Request: GPU Memory Junction Temperature via nvidia-smi or NVML API

Please please implement this in linux driver.

So needed feature for linux users and many projects depend on that.

3 Likes

+1

2 Likes

+1 I need this feature. Either add it or fix your thermal pads. I’m tired of your nonsense, Nvidia.

3 Likes

+1 Temp is a MUST!

3 Likes

Currently finetuning a machine learning model, this feature would be very useful.

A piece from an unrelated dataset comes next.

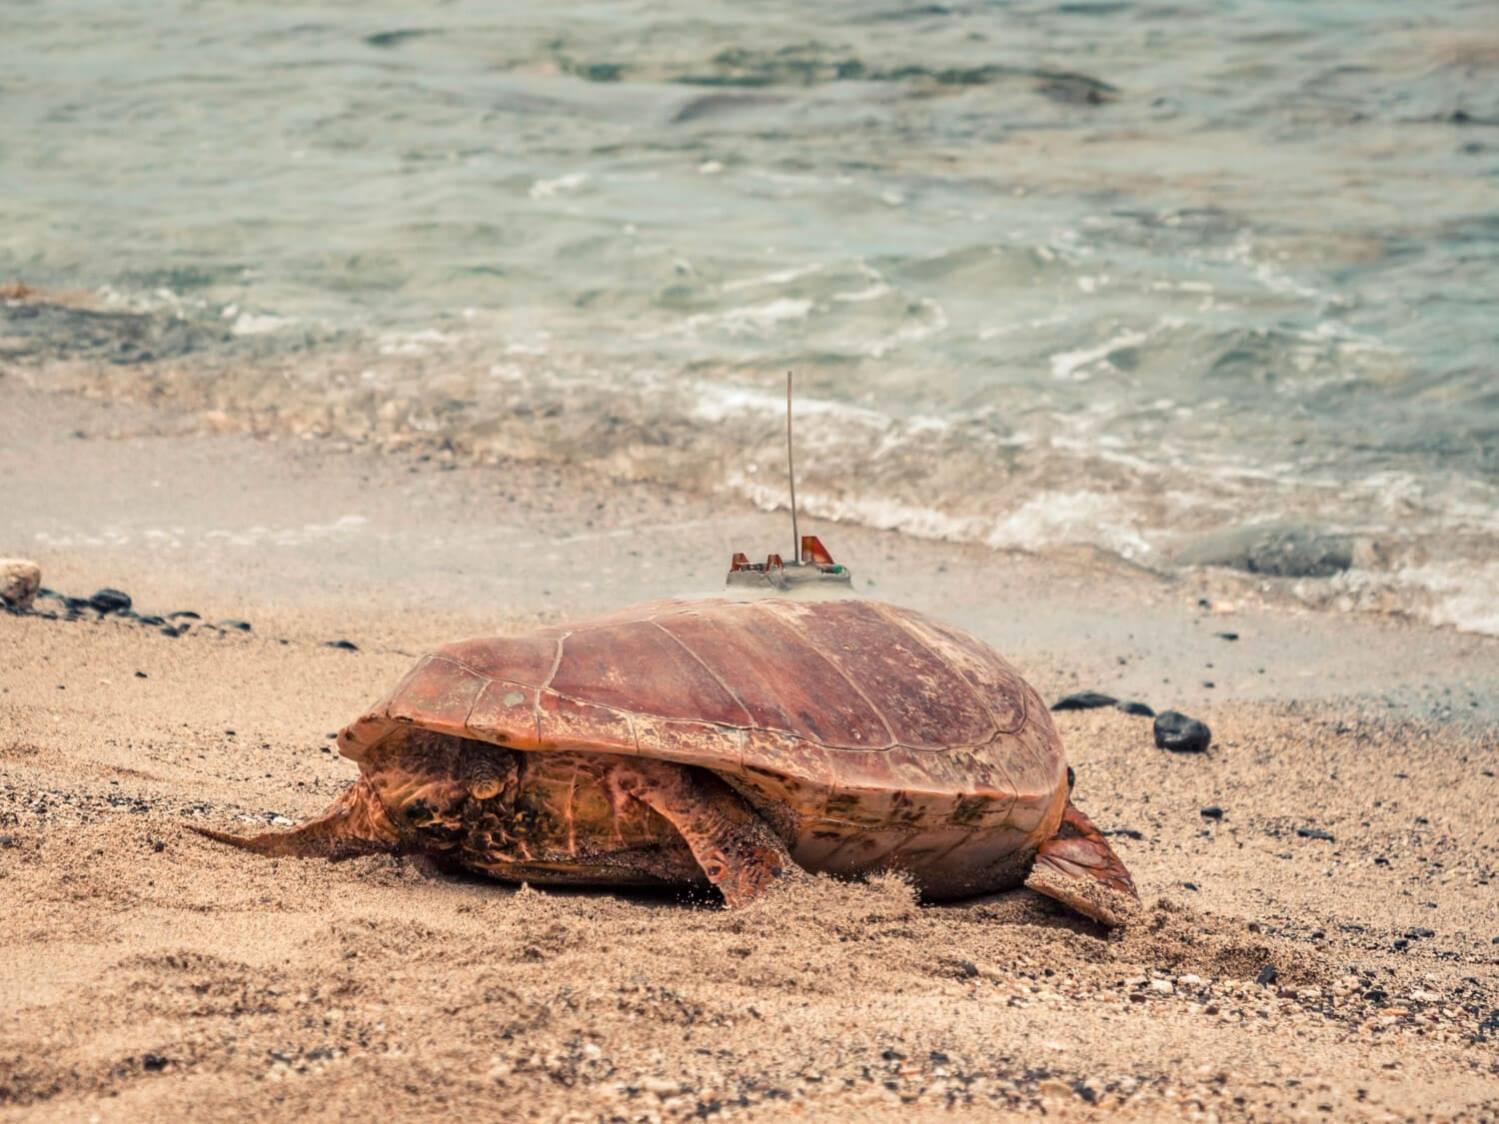 Les coulisses de Kelonia : une journée dans la peau d'un soigneur de tortue
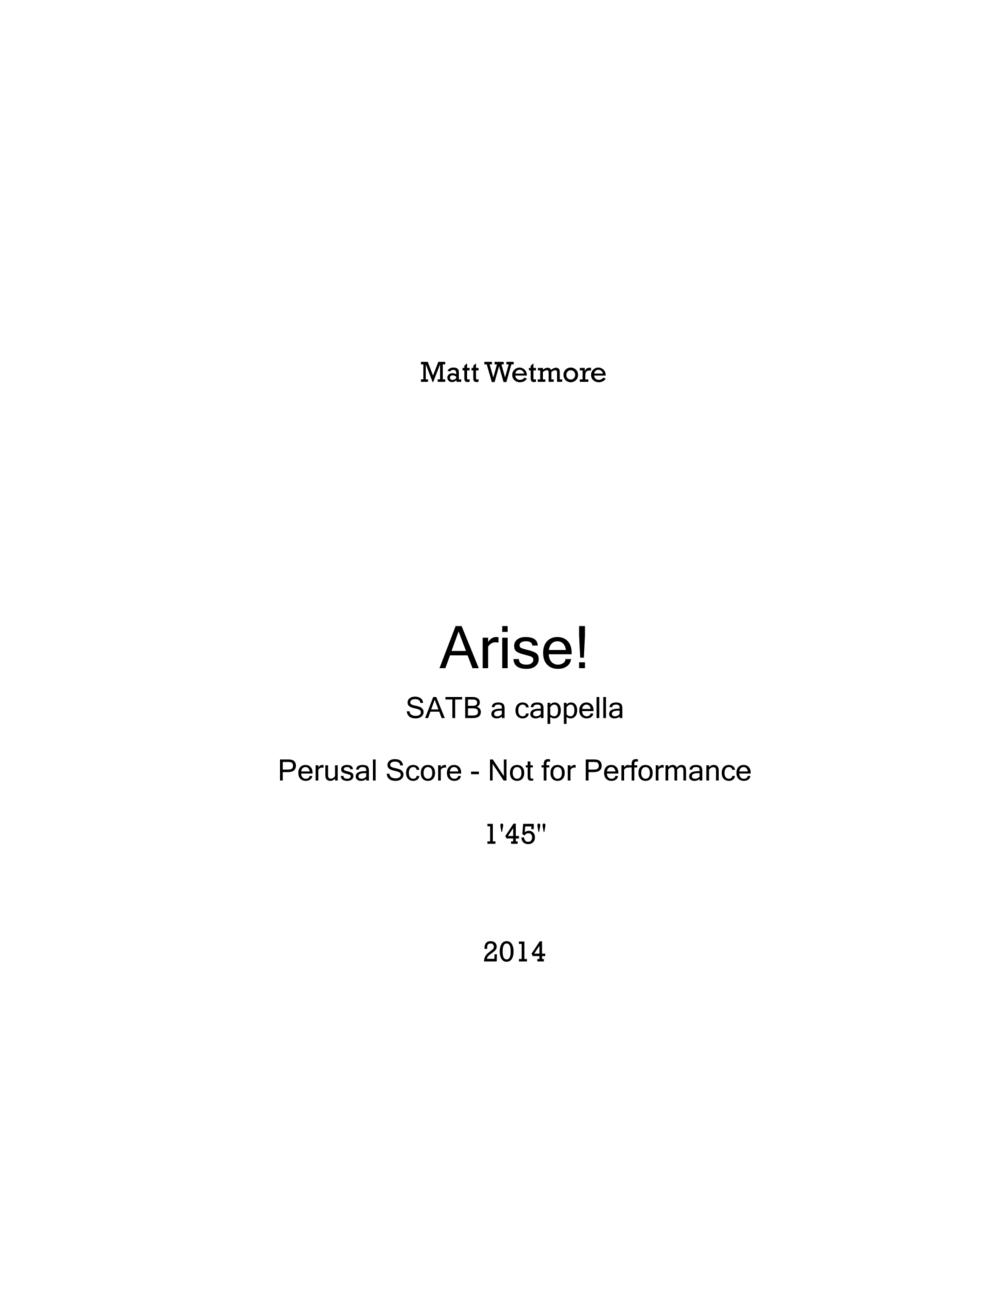 Arise! Perusal-1.png

However, constantly monitor the temps of the GPU is not the correct solution, Nvidia should replace the FE it has sold with ones with adequate cooling.

3 Likes

Let’s be realistic; that’s just not going to happen, and if it did it would take so long that the next series of GPUs would be out by now given the chip shortages.

However, having the ability to monitor the temps is a very quick and easy change that will go a long way for all of us.

3 Likes

You probably missed this.

Also spamming +1’s after this linked message doesn’t make process any faster.

1 Like

I am unable to edit my OP, but @wpierce, feel free to edit the OP with the current status. It would be unfair to mark your post as a solution.

Spamming +1’s may actually make the process faster implicitly. More accurately, what it does is serve as a good proxy of the number of customers significantly impacted by this problem (after all, they went through the effort of posting). The higher that number is, the higher Nvidia should prioritise this problem and ought to allocate resources accordingly.

4 Likes

Please add this feature on Linux, thank you

4 Likes

Necessary feature for many users and admins. Please add this feature for Linux as well. Thanks a lot

3 Likes

+1
to cool the card adequately, the temperature info is essential.

1 Like

+1
This is an absolutely essential feature with the high VRAM temps of the 30 series cards. I’m able to test cards on a Windows bench to determine undervolting settings for safe operating temperatures before setting them up in Linux, but not every work environment allows for this.

1 Like

What settings have you found to keep the temp in check?